• [Work to complete]
Copy out the data exactly, leaving the pictures behind.

• [Information supplied]
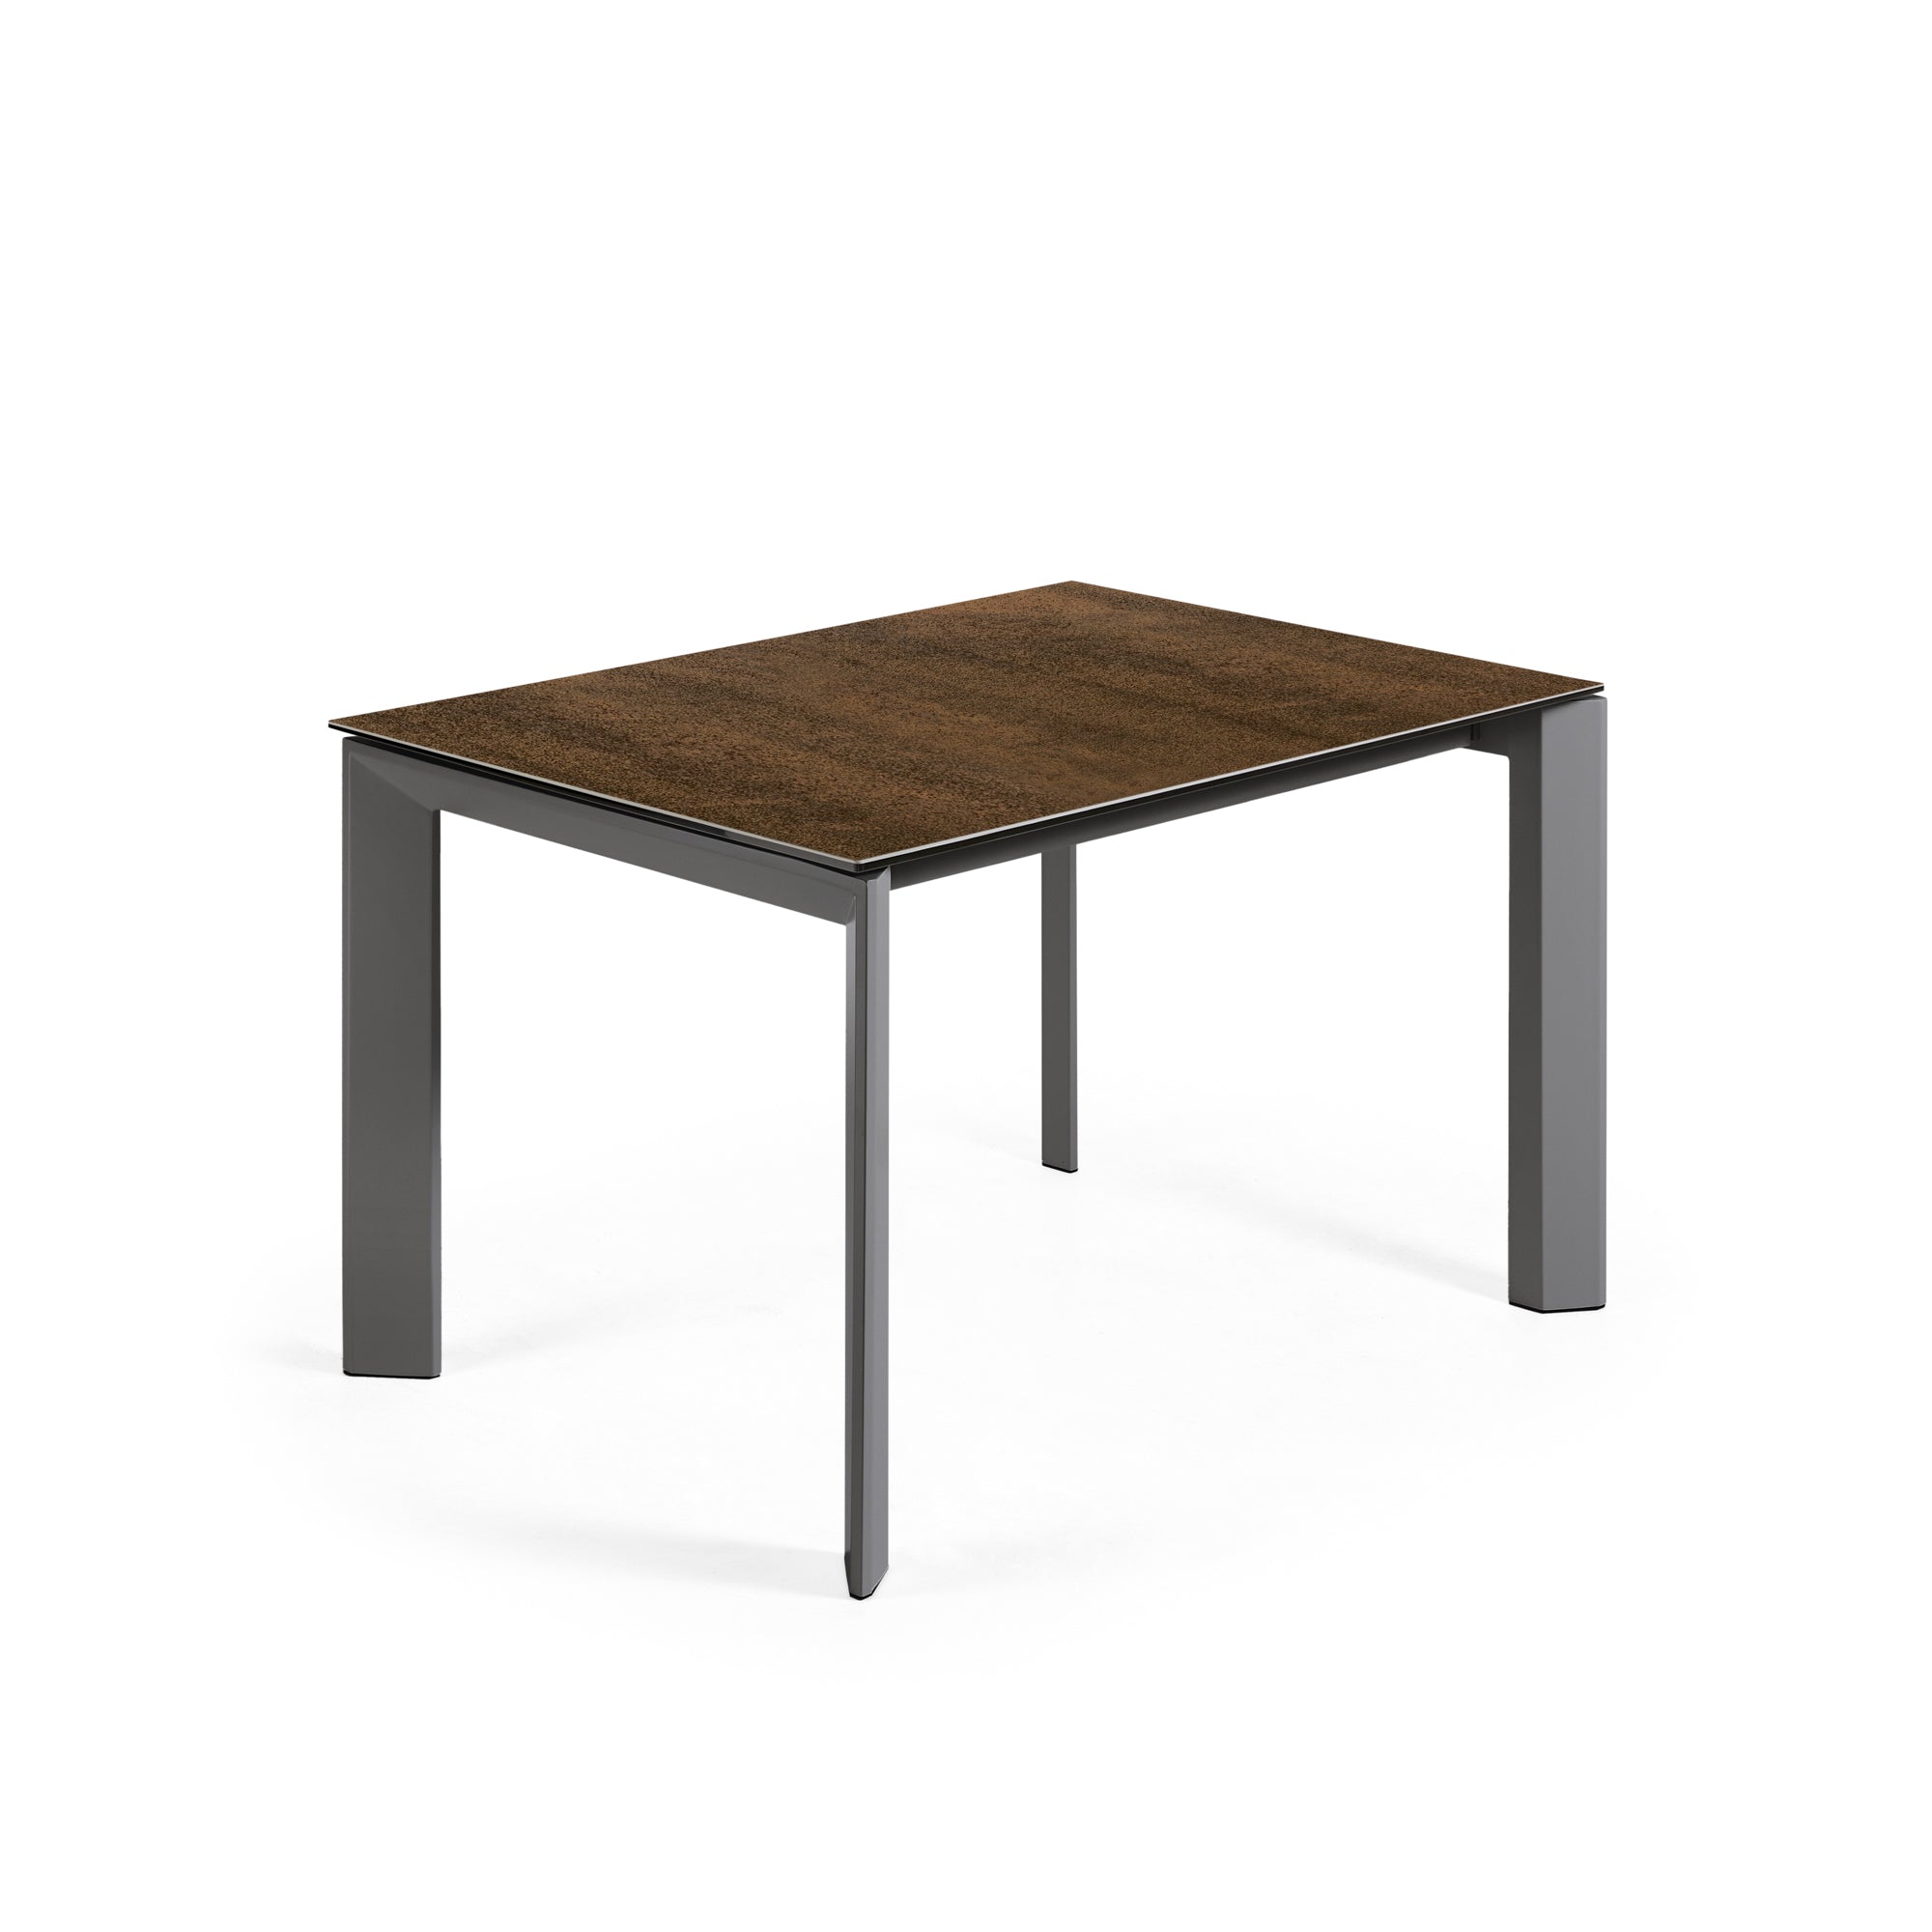 Axis extendable porcelain table with Iron Corten finish and dark gray legs, 120 (180) cm
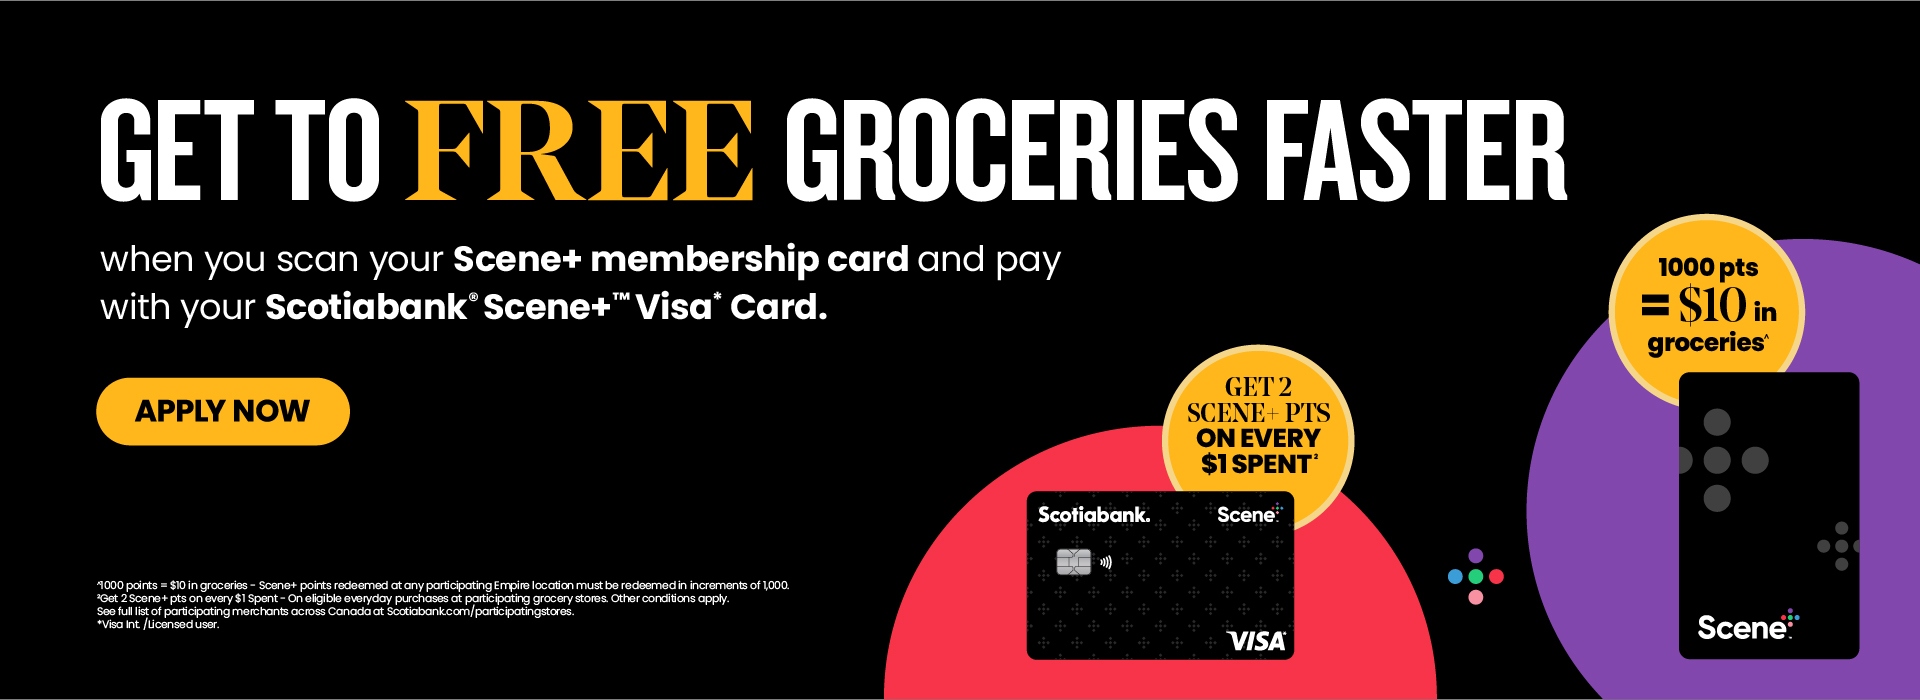 Advertisement for a Scotiabank Scene+ Visa Card. The text highlights the benefit of earning free groceries by earning Scene+ points with every dollar spent. Includes images of Scene+ membership and Visa cards, along with a "Get 2 Scene+ points on every $1 spent" offer.
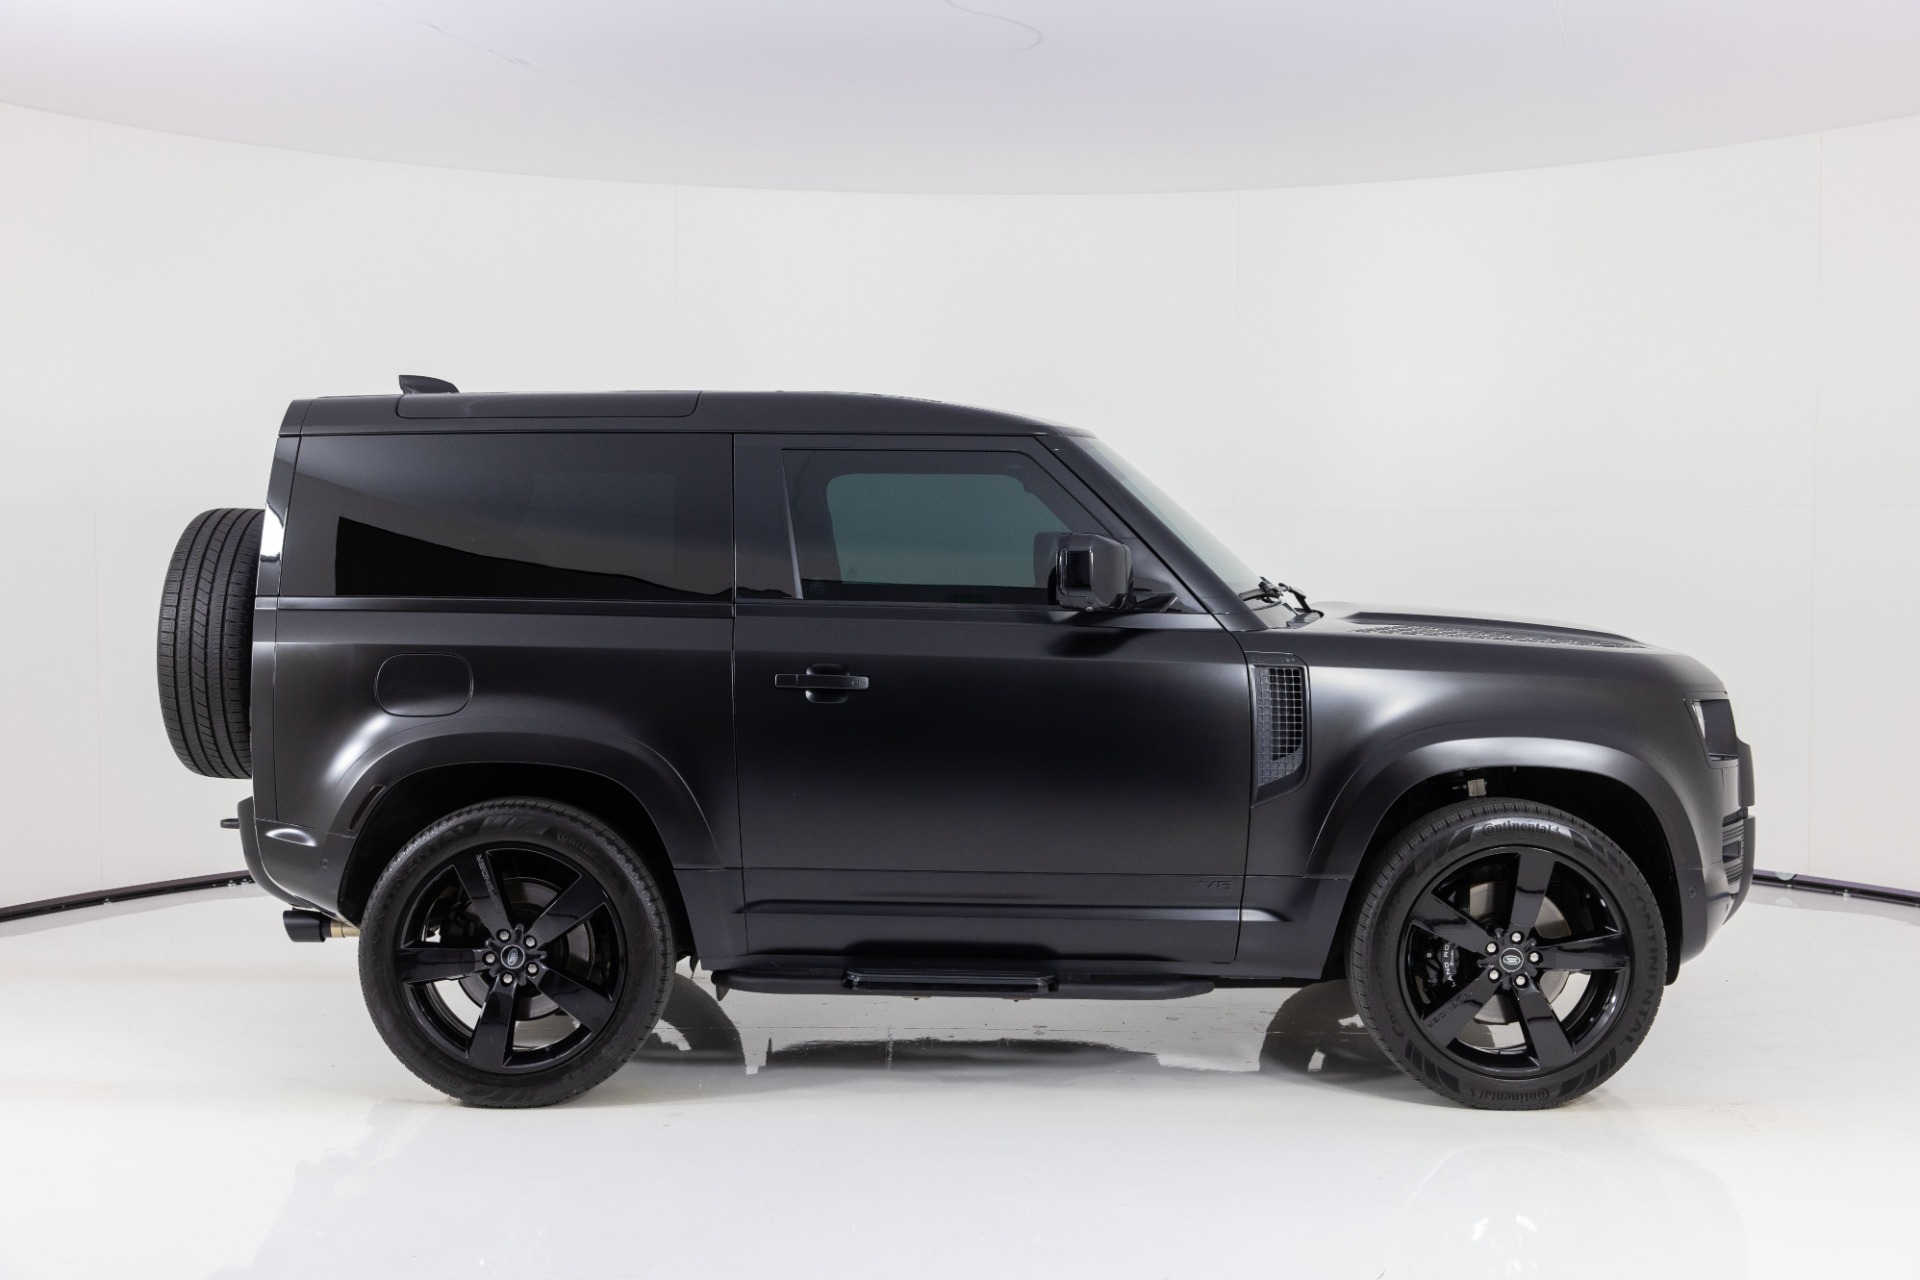 Black Land Rover Defender 110X XPEL Stealth Matte PPF Install

• [The completed task]
 Axis extendable porcelain table with Iron Corten finish and dark gray legs, 120 (180) cm
 Advertisement for a Scotiabank Scene+ Visa Card. The text highlights the benefit of earning free groceries by earning Scene+ points with every dollar spent. Includes images of Scene+ membership and Visa cards, along with a "Get 2 Scene+ points on every $1 spent" offer.
 Black Land Rover Defender 110X XPEL Stealth Matte PPF Install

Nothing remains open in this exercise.